- EXERCISE DESCRIPTION: Since the copy must hold text only, transcribe the data below exactly and omit the images.

- RECORDED DATA:
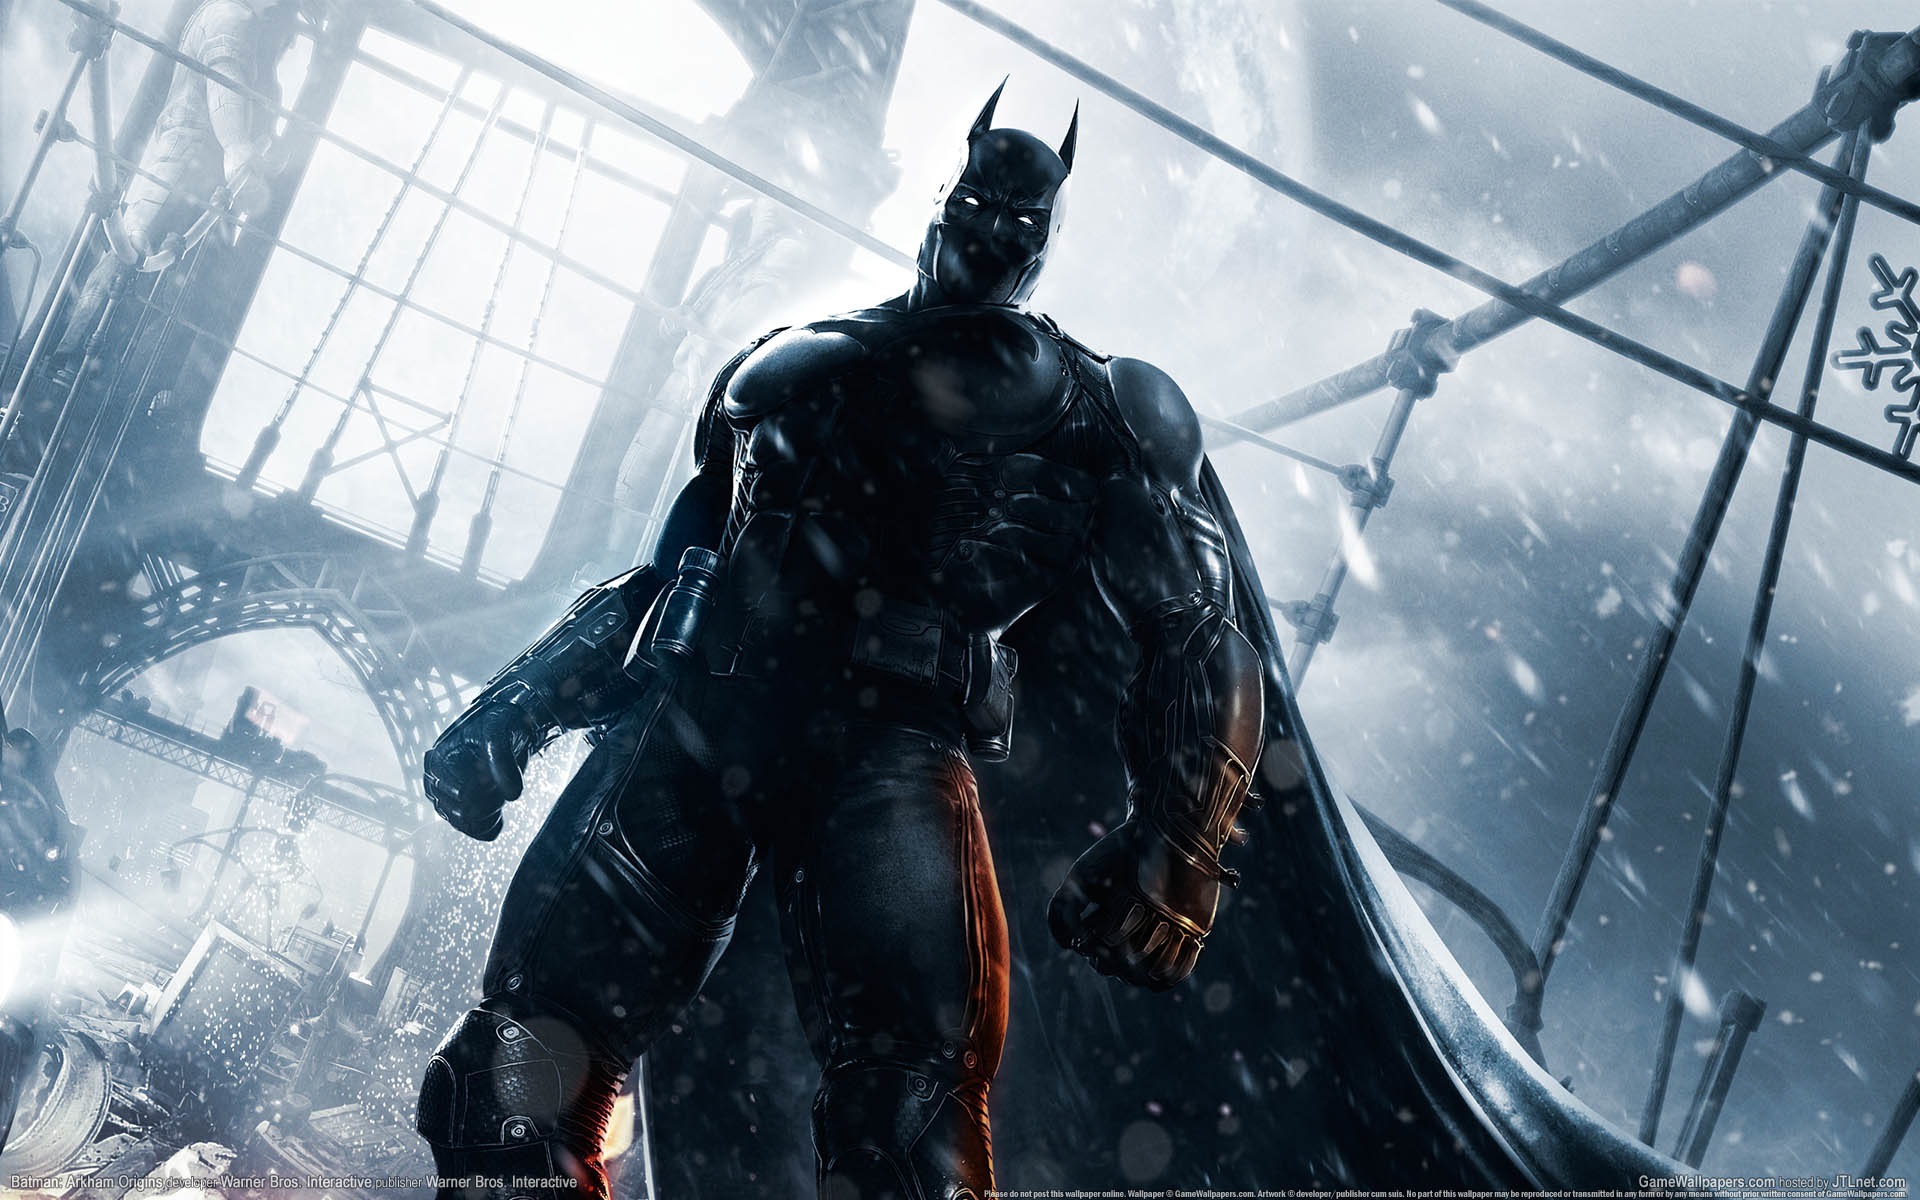 Arkham Origins, Pc Games - Batman Arkham Origins Wallpaper 4k - HD Wallpaper 
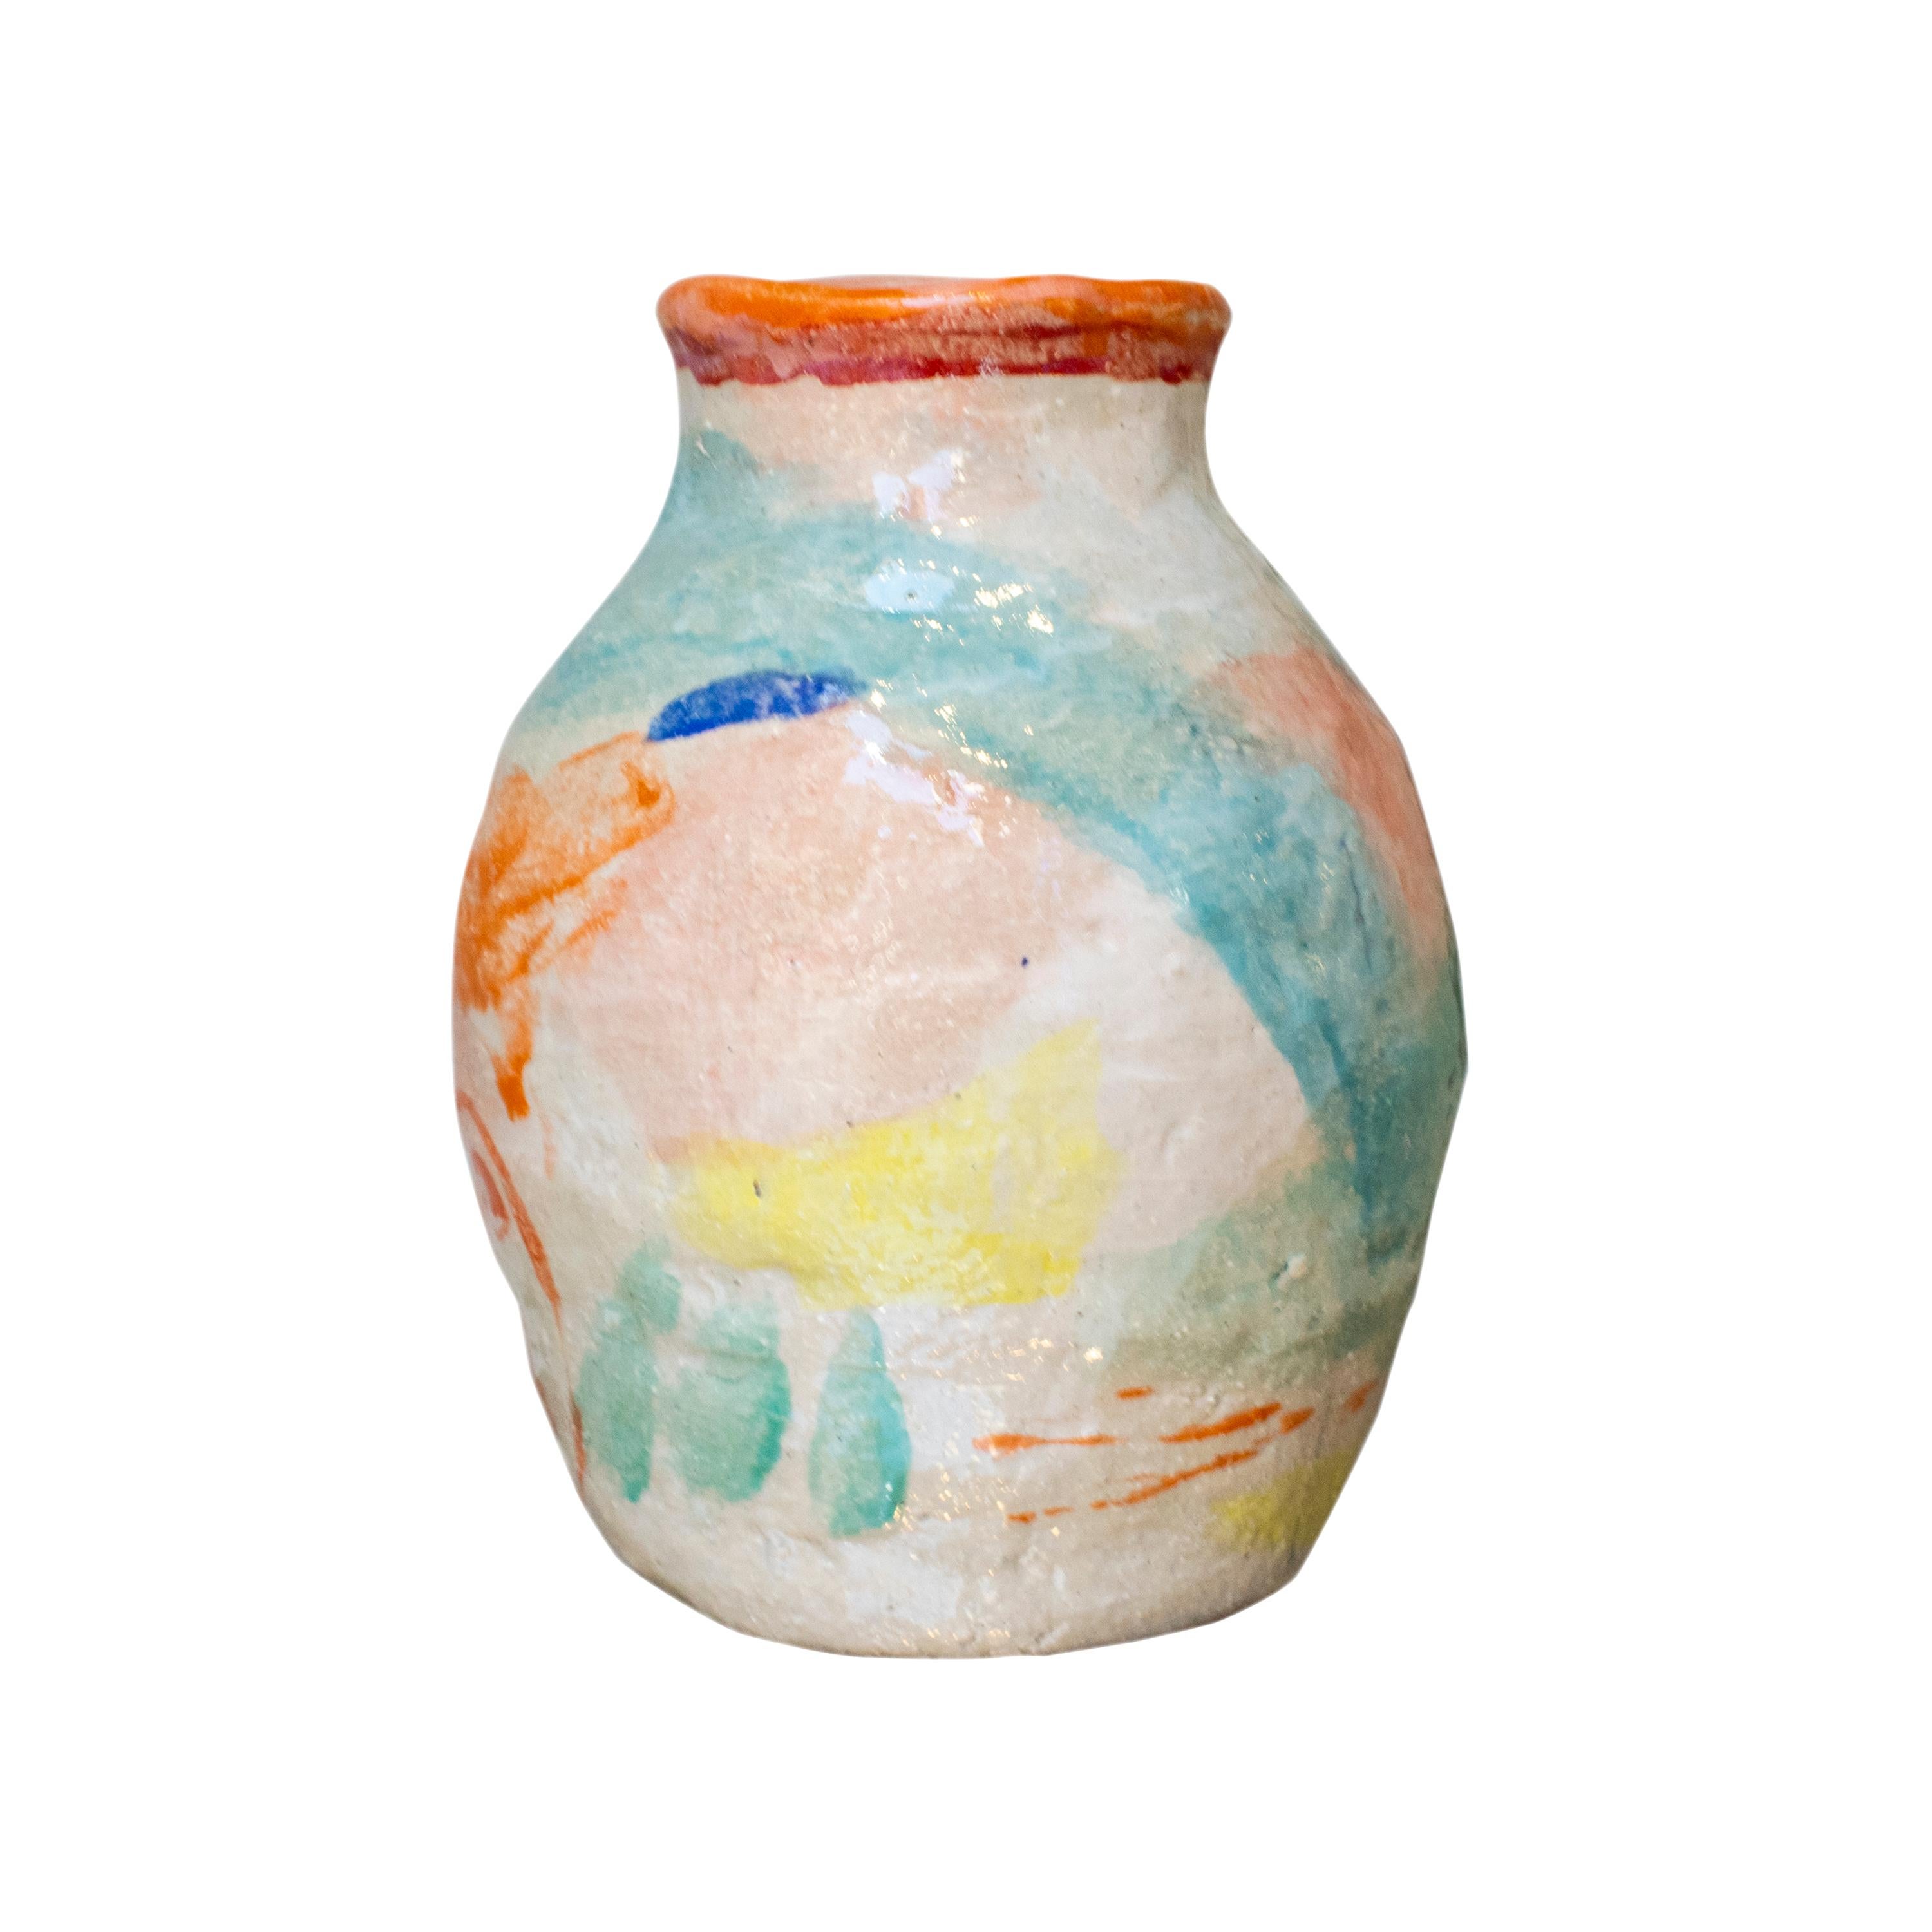 Handgefertigte und bemalte moderne Vase, entworfen von der spanischen Künstlerin Ana Laso.

ANA LASO BAEZA ist eine Künstlerin aus Madrid, die ihre Tätigkeit hauptsächlich als Malerin und seit einigen Jahren auch als Keramikerin ausübt. Ihre

- RESPONSE BELOW:
 Arkham Origins, Pc Games - Batman Arkham Origins Wallpaper 4k - HD Wallpaper 
 Handgefertigte und bemalte moderne Vase, entworfen von der spanischen Künstlerin Ana Laso.

ANA LASO BAEZA ist eine Künstlerin aus Madrid, die ihre Tätigkeit hauptsächlich als Malerin und seit einigen Jahren auch als Keramikerin ausübt. Ihre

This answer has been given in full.